What the task requires — Exact copy, no pictures: every line from the one that contains "Porcelain spoon heaped" through the end of the data below, and nothing else.

Supplied information —
※ ※ ※

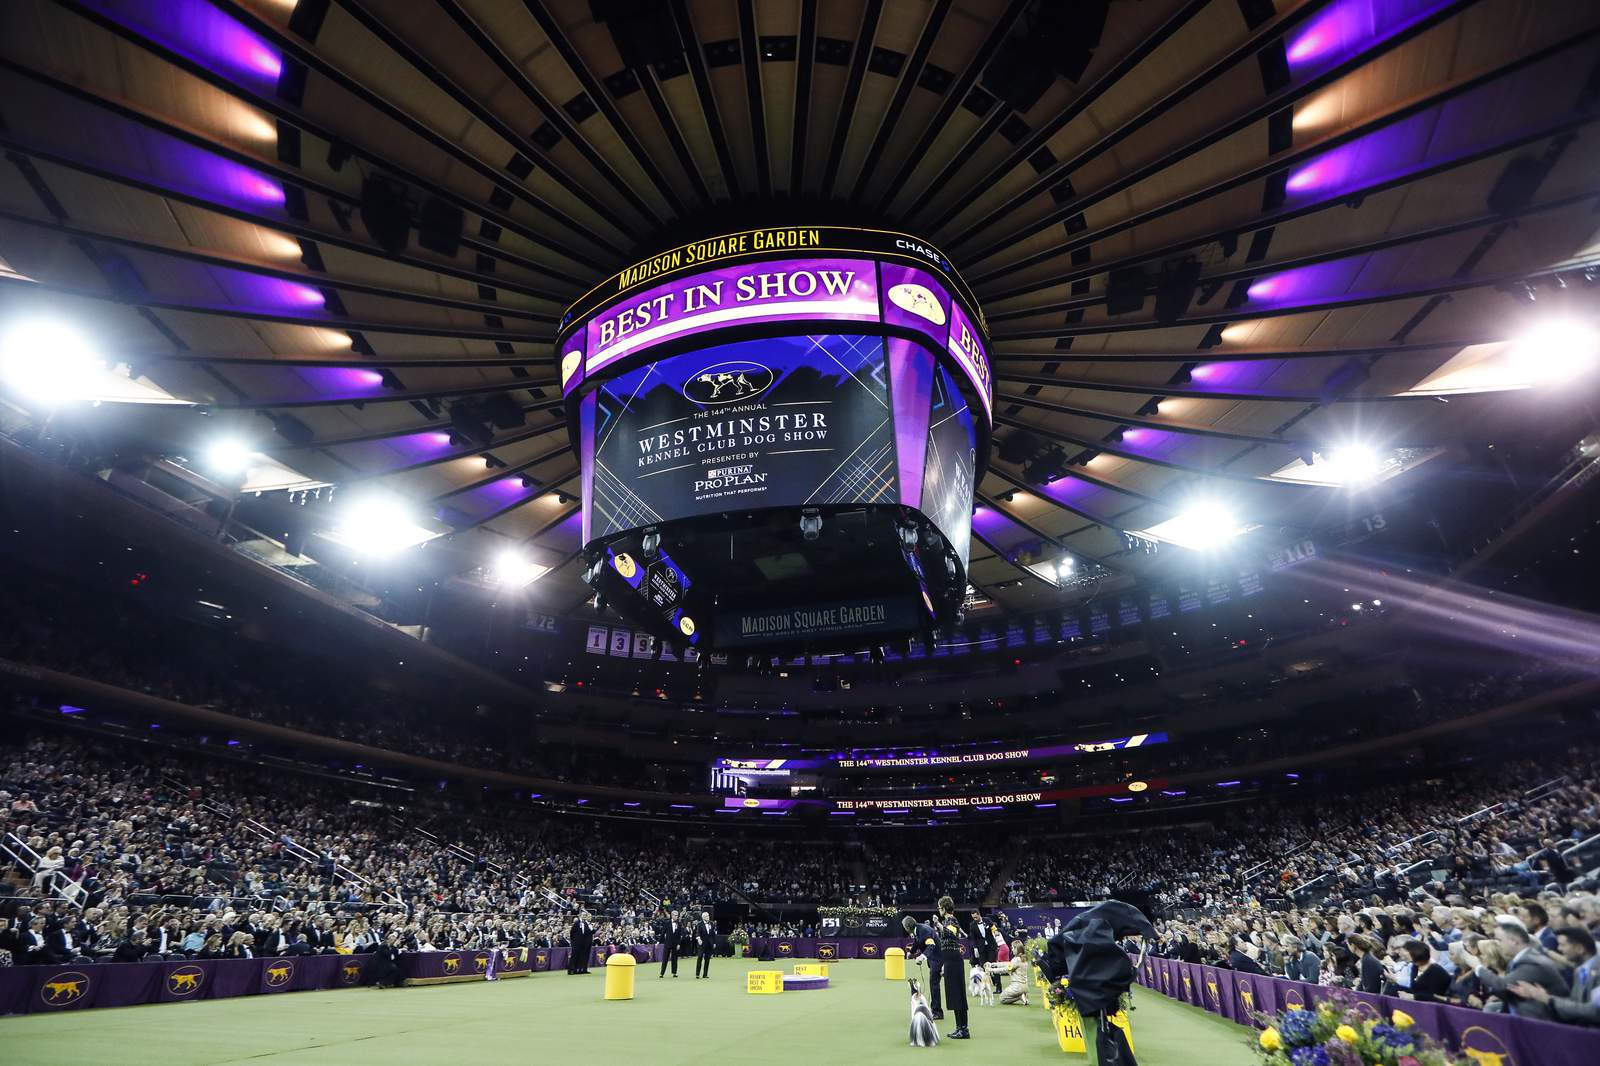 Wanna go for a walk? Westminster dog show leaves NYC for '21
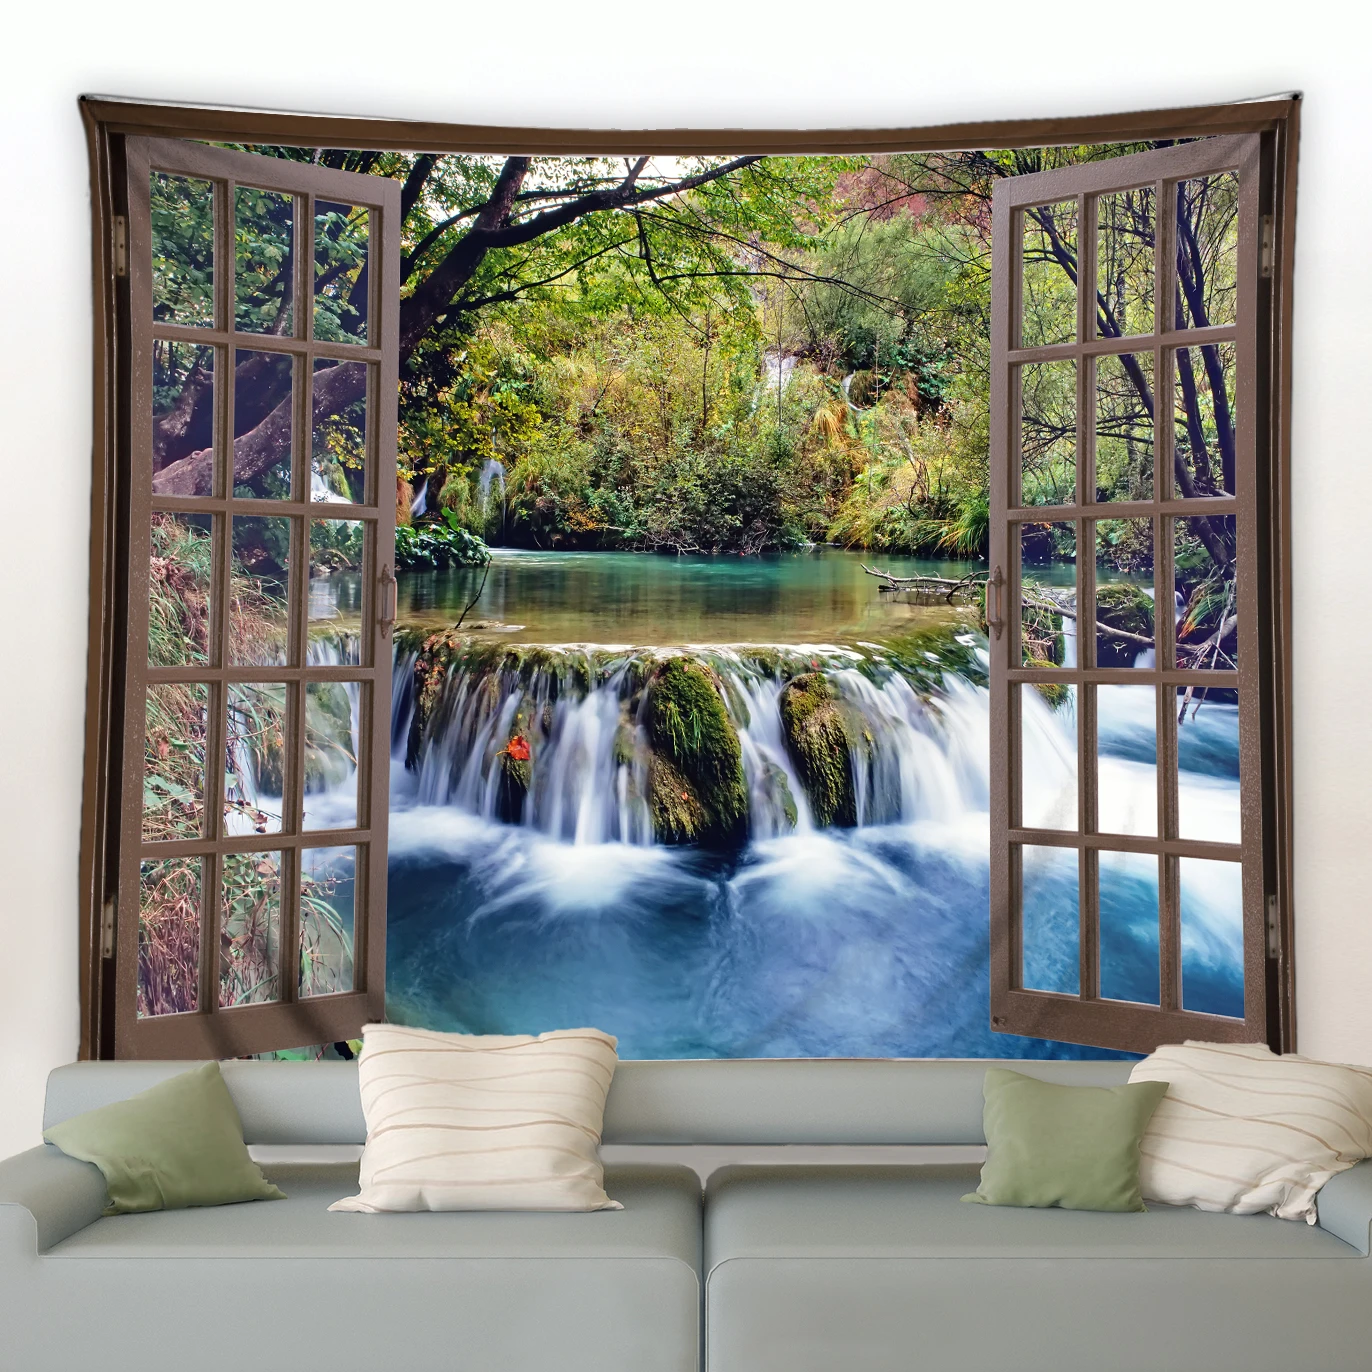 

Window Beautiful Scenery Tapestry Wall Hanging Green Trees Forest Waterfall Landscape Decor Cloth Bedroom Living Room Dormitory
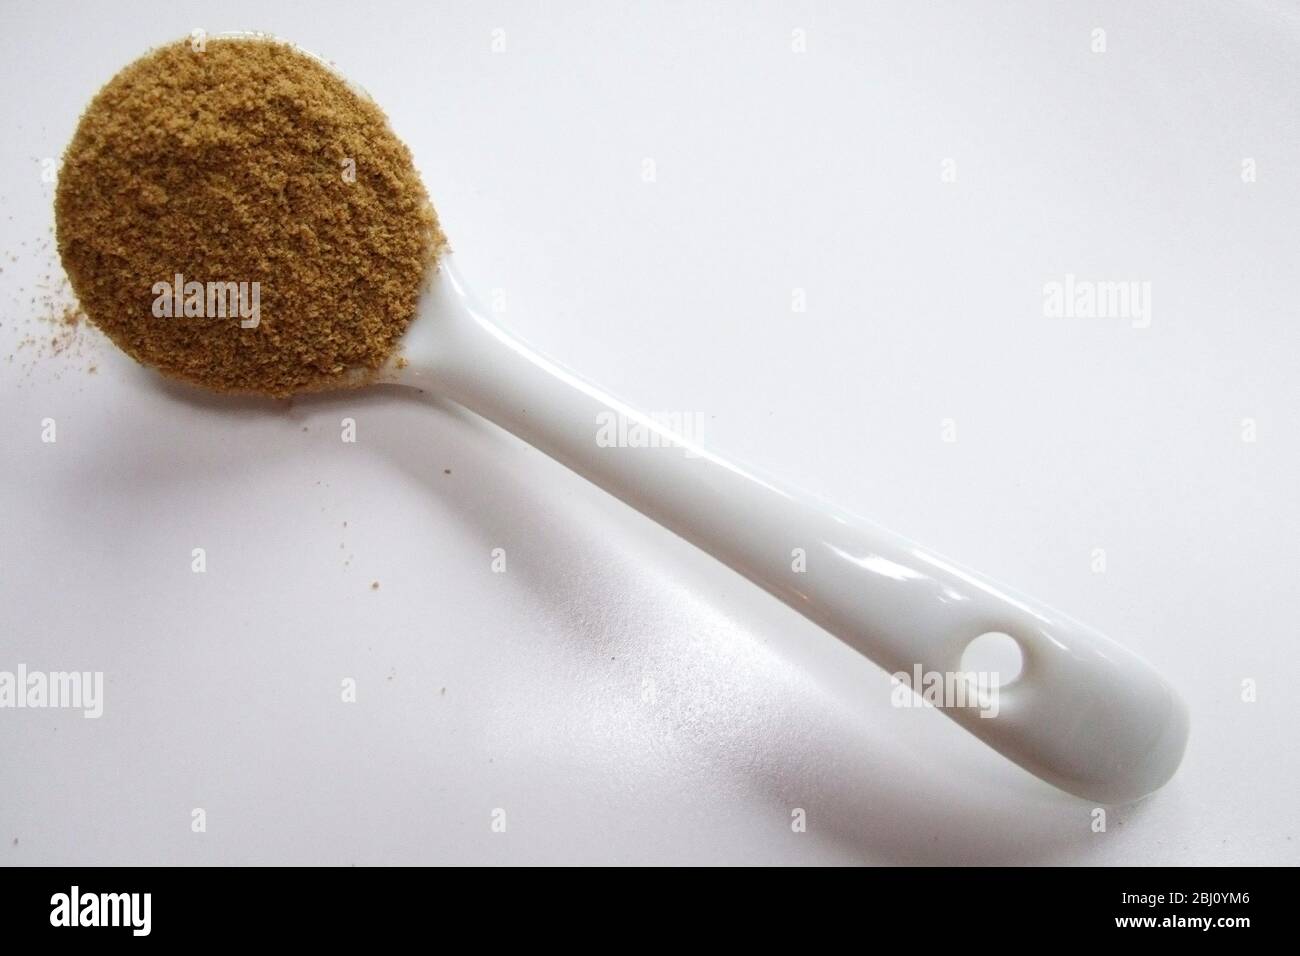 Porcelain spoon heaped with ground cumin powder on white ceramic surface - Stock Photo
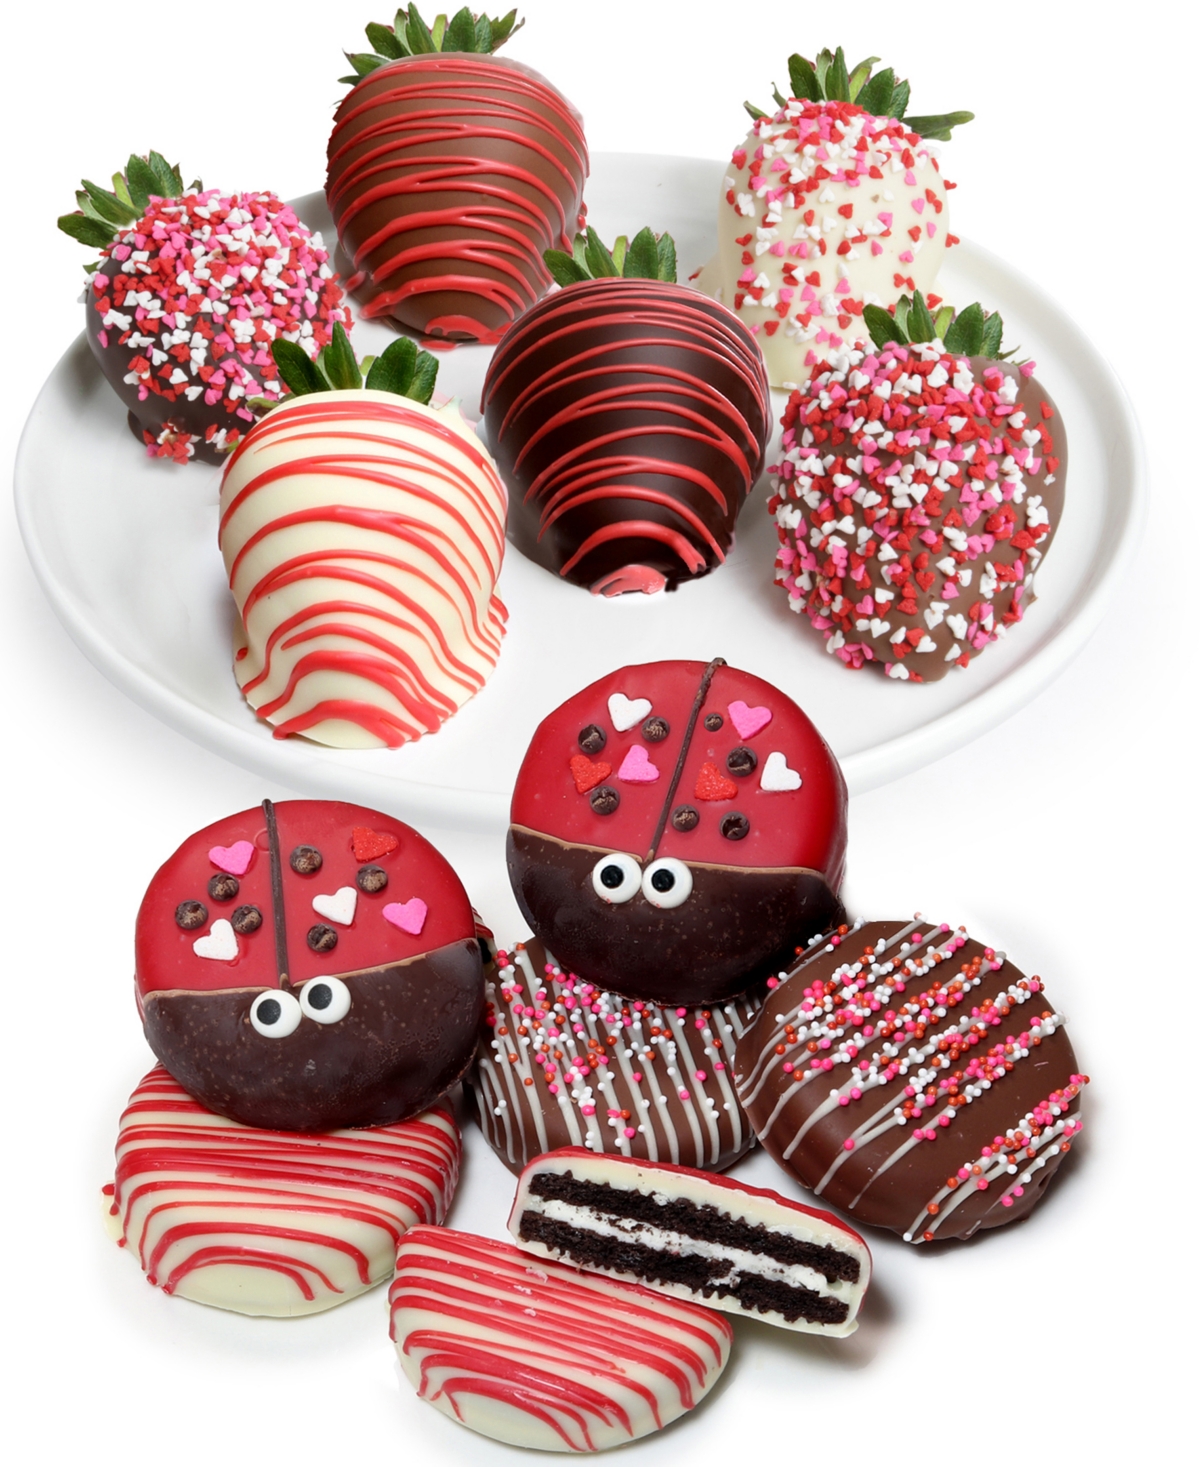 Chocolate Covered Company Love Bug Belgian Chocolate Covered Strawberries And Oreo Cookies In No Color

※ ※ ※

Task response —
 Porcelain spoon heaped with ground cumin powder on white ceramic surface - Stock Photo
 Chocolate Covered Company Love Bug Belgian Chocolate Covered Strawberries And Oreo Cookies In No Color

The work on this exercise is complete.